▸ ACTIVITY
Please reproduce the listing word for word. Pictures stay out.

▸ RECORDED INFORMATION

######

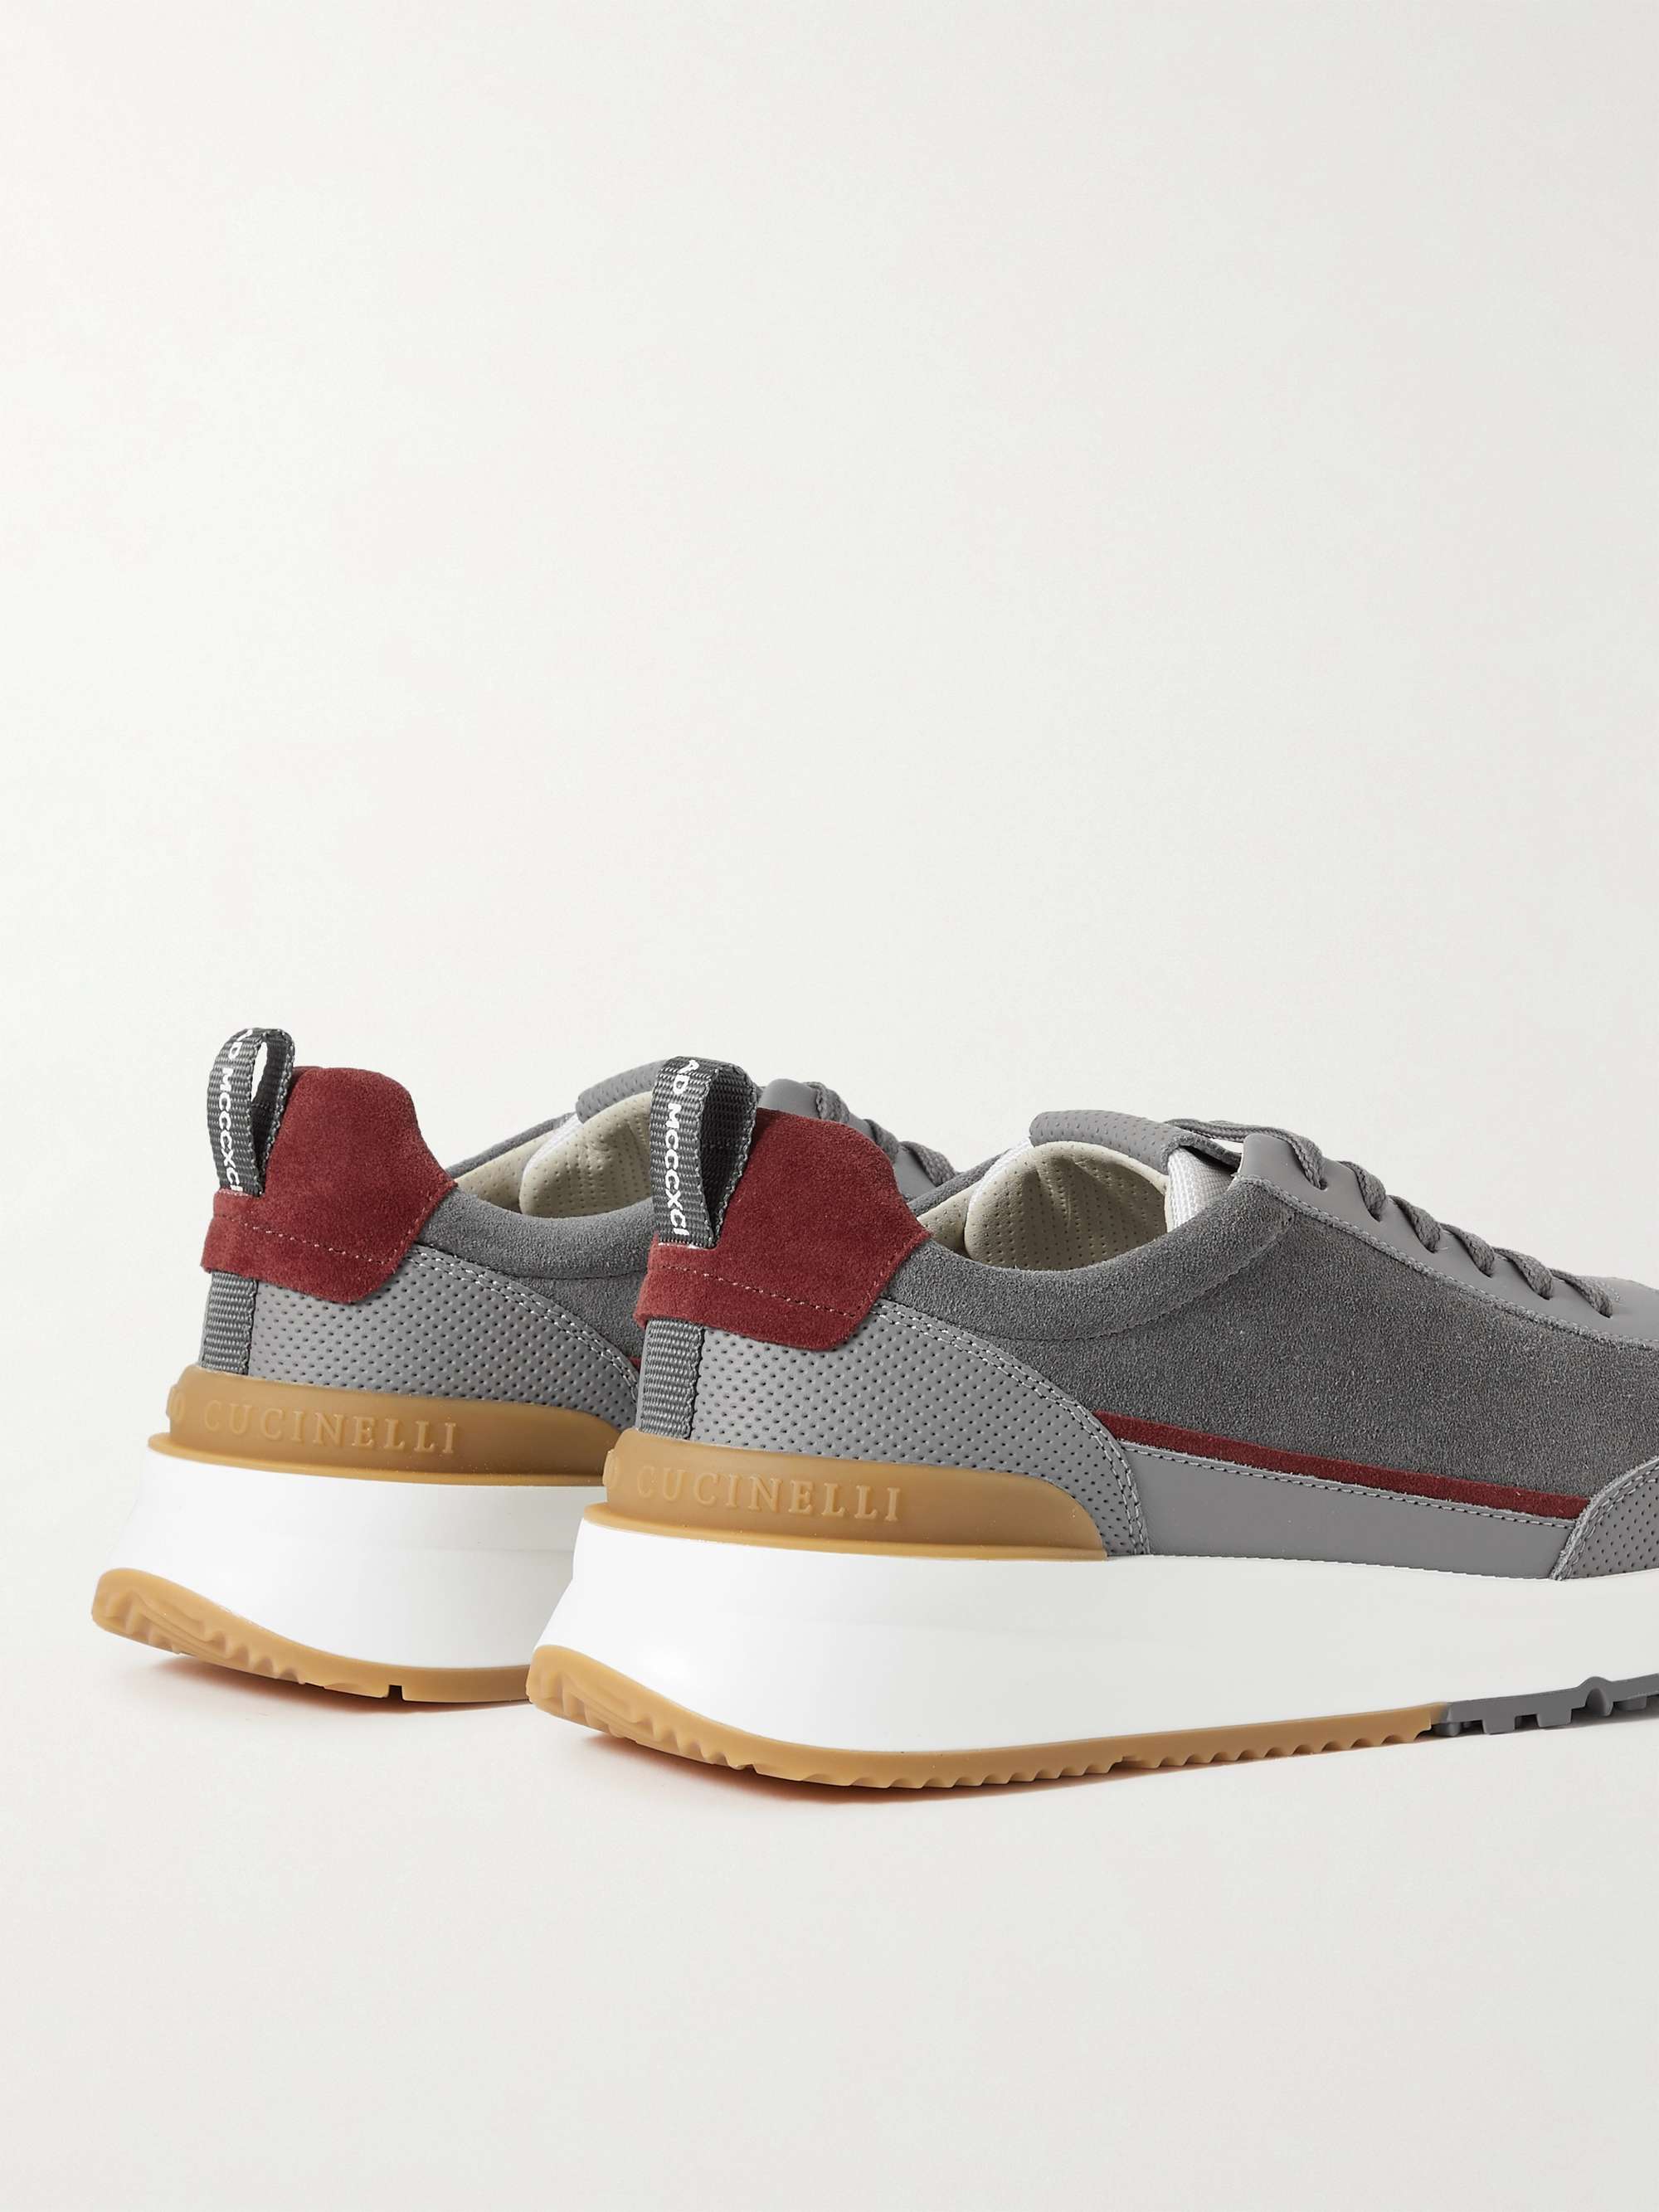 BRUNELLO CUCINELLI Leather-Trimmed Suede Sneakers
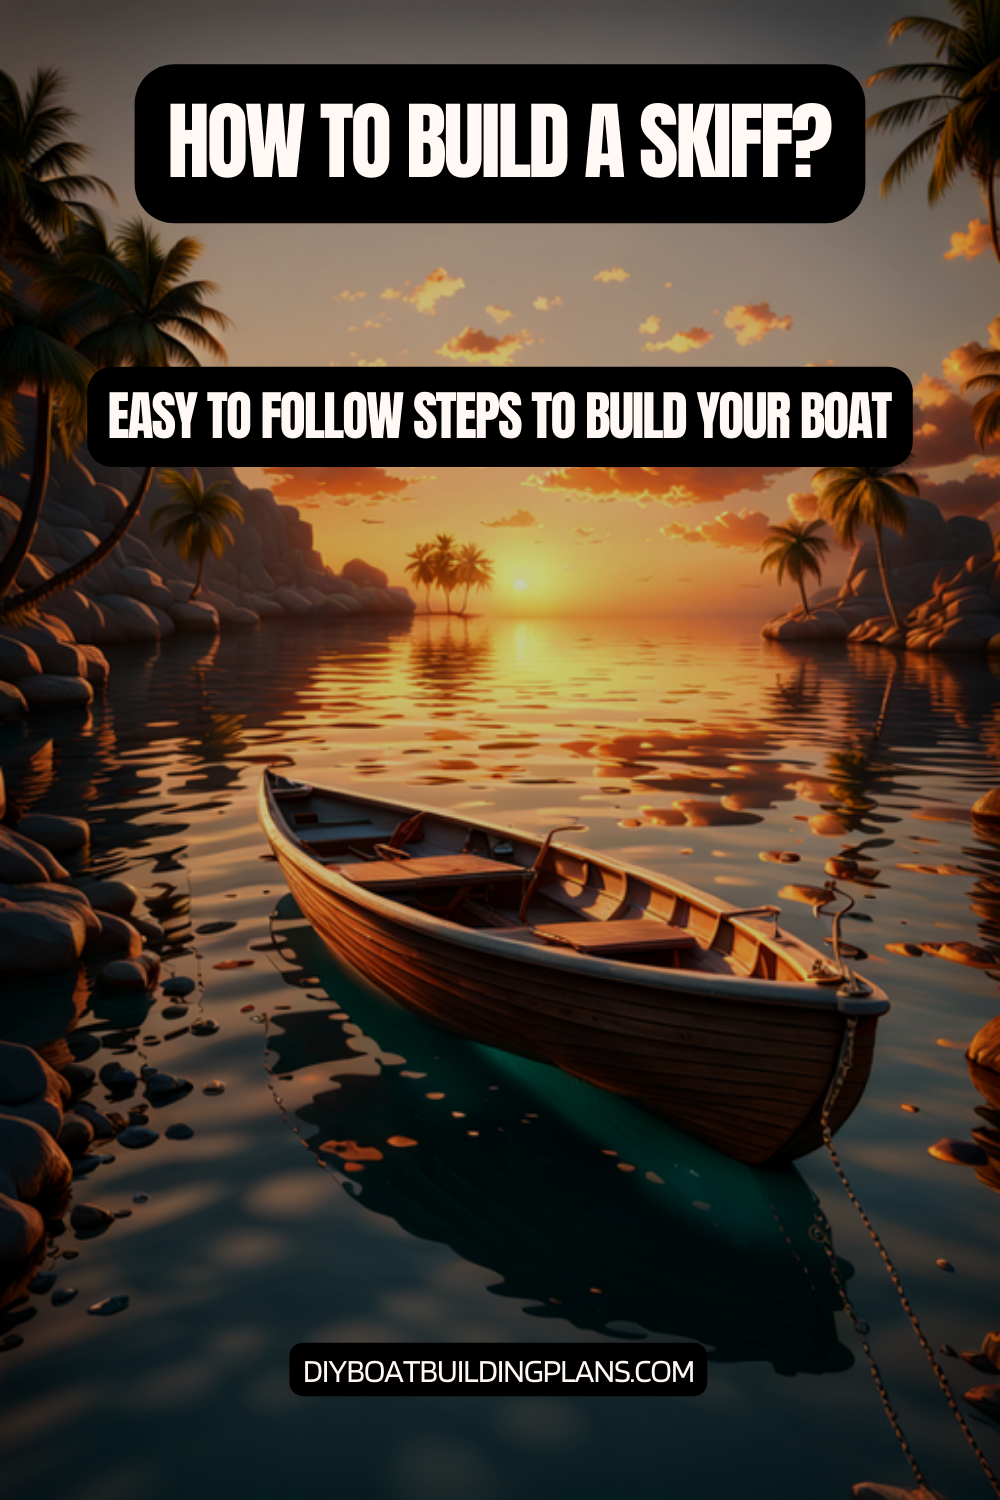 How To Build a Skiff
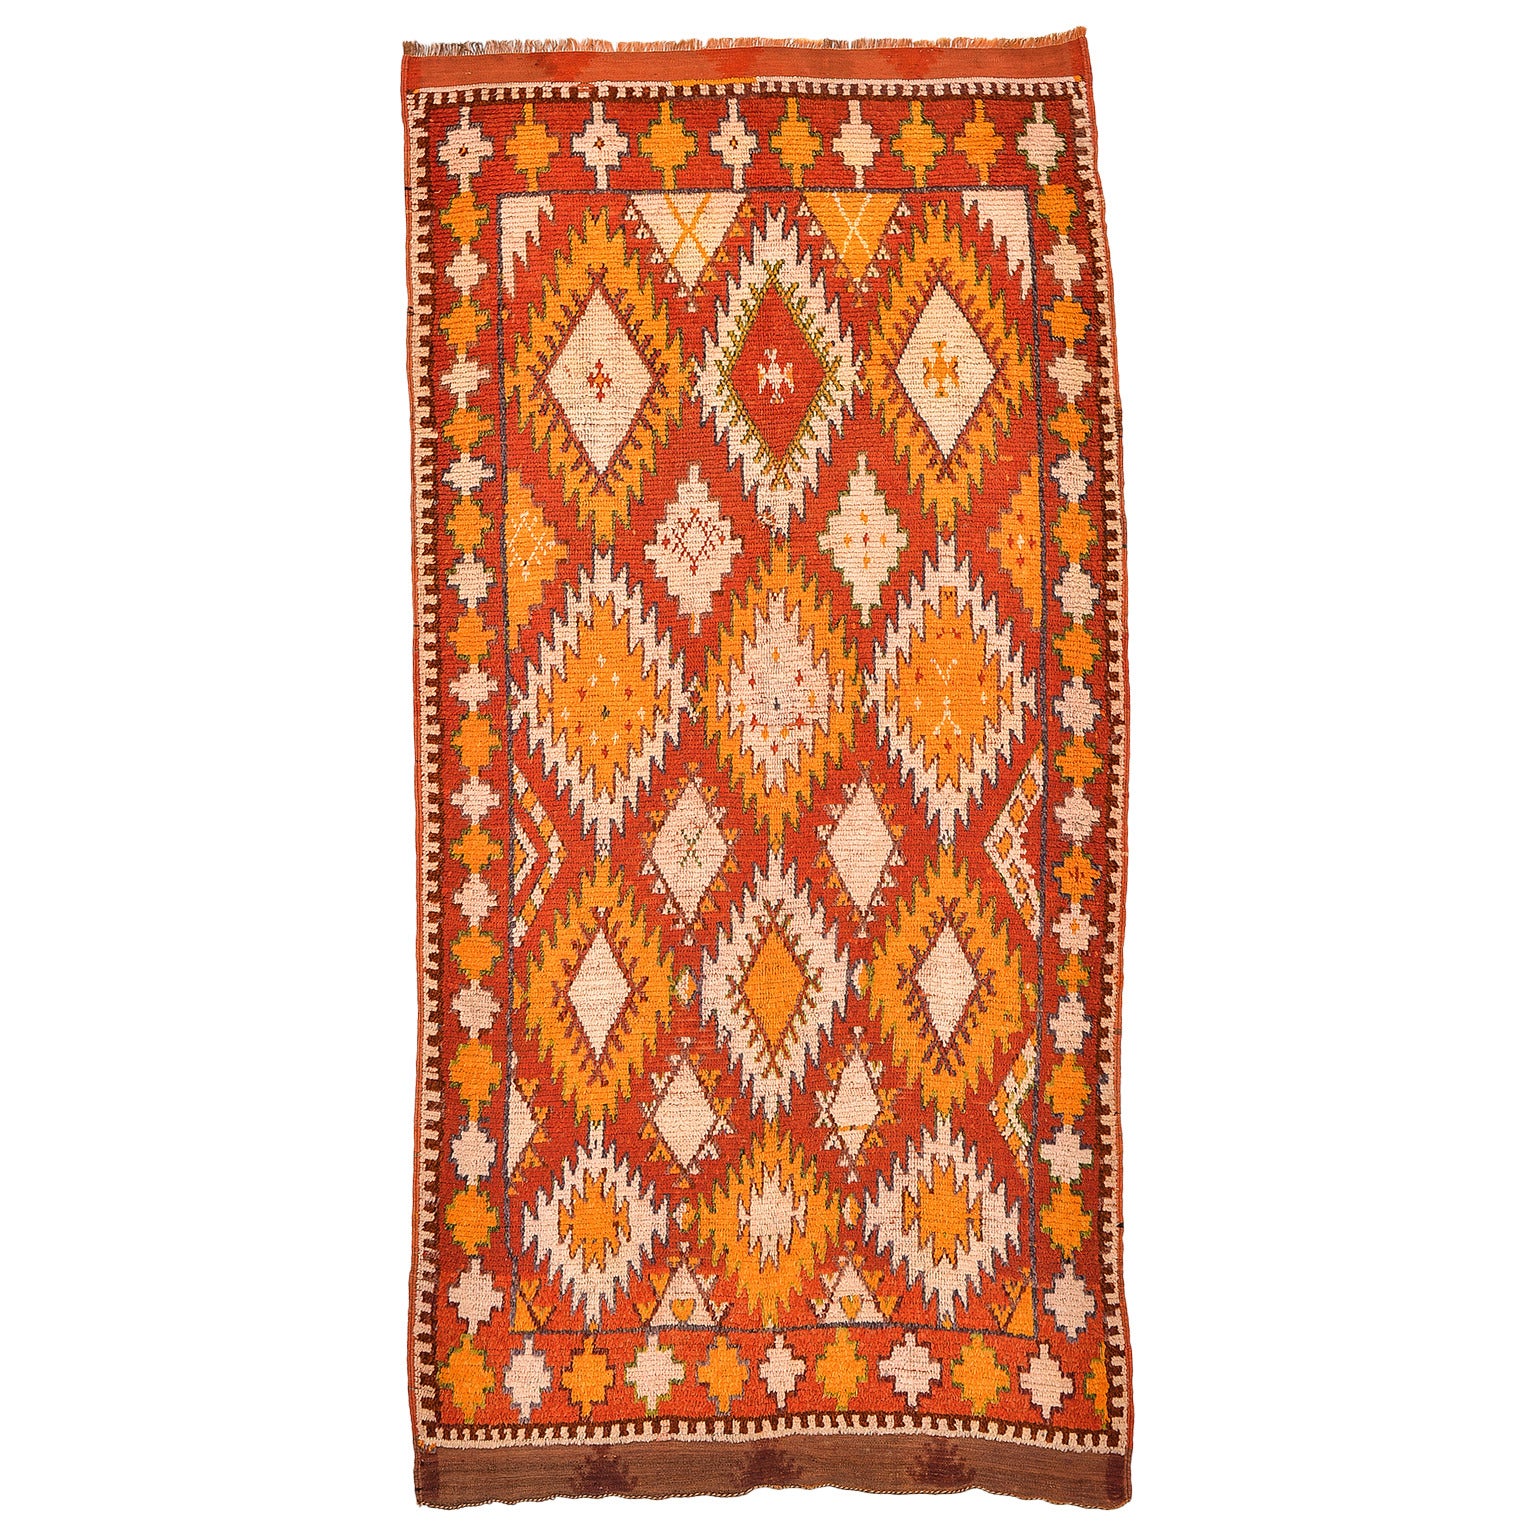  Yellow and Red Vintage Ait Touaya Moroccan Rug -

######

▸ RESULT OF THIS TASK
 BRUNELLO CUCINELLI Leather-Trimmed Suede Sneakers
 How To Build a Skiff
  Yellow and Red Vintage Ait Touaya Moroccan Rug -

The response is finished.